Il flusso dei ricordi,
della storia collettiva del popolo veneto e di quella individuale della
scrittrice emergono costantemente dai suoi versi innati e pre-logici incanalati
su nostalgiche epifanie che riadattano il presente all’emozione del passato. La
consapevole riappropriazione etica della realtà sociale ormai sedotta dal
benessere e dallo stress lavorativo di un sistema capitalistico progressista,
conduce la Borso ad un continuo confronto con il vecchio mondo contadino: “Na
volta jèra fame | dèsso ghe xe el stress, | el progresso va vanti | el lassa indrìo i
ricordi: | xe sempre dolse-amaro | el pomo che te mordi”. La poetessa ci riporta al
sentimento autentico delle cose quando descrive il significato del termine
contemporaneo big-bang con una metafora di notevole intensità definendo
l’universo come la “zuppa divina del creato” e ritrae momenti della vita
quotidiana popolare in cui la saggezza del passaggio tempo si esprimeva ancora
con “le feste del Signore e dei suoi Santi”. E la morte è sempre presente come
sacro monito a rivedere la vita sulla base di valori ancestrali che escludano
l’avidità, l’arrivismo, l’opportunismo e il senso del possesso.
Una morte che
non fa più paura perché: “Avendo ben vissuto, credo perfino | che alla negra
signora con la falce | si possa dare la manina bella | e gate gate gate”. Il
passato riemerge armonioso nelle memorie di dolci figure affettive, nella
rievocazione di feste religiose e popolari, nei ricordi puri di un’infanzia
lontana ma ben presente negli affetti dell’autrice che ritrova nelle parole
dialettali suoni onomatopeici densi di significati archetipici.
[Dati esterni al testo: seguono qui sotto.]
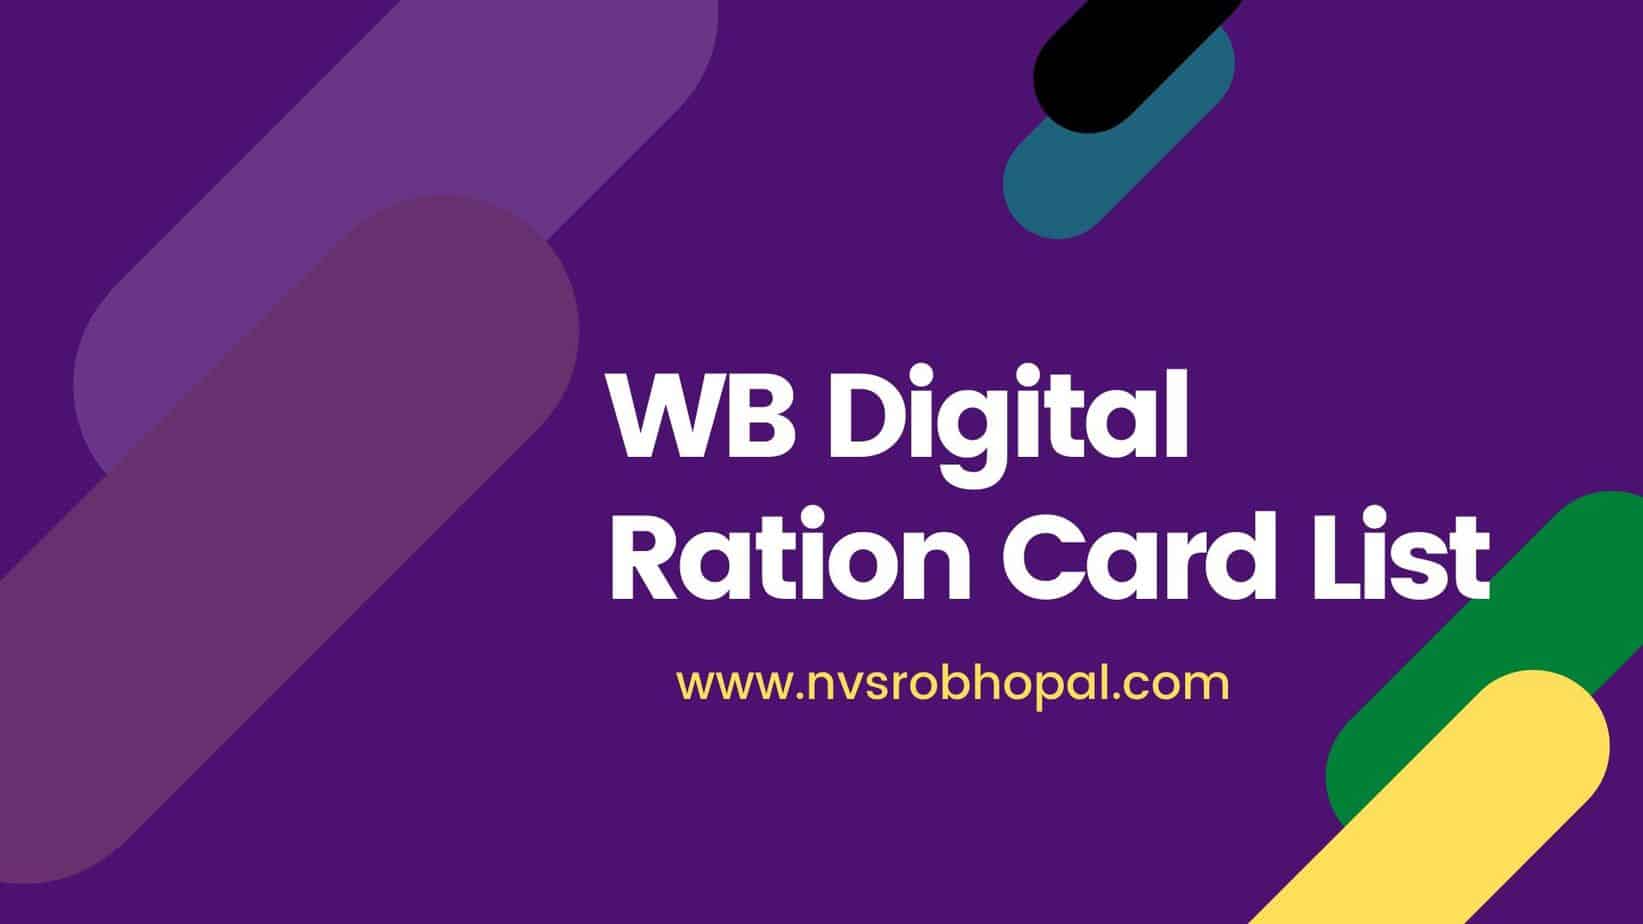 WB-Digital-Ration-Card-List

Così riesce a
creare una poesia sull’ “òstrega”, sugli “strafànti”, sui “ghingheri”, sul “panpalugo”,
sul “fabiòco” creando immagini e storie pertinenti oppure su una serie di
termini dialettali come nella poesia Parole nostrane: “Bàgolo bigolìna
betònega brighèla | parole stranbe de l’infansia bela”.
E dall’infanzia trae la
dimensione ludica ben espressa nelle filastrocche di tradizione orale che
introducono poesie elegiache, nostalgiche visioni delle profonde stratificazioni
operate dal tempo sull’anima.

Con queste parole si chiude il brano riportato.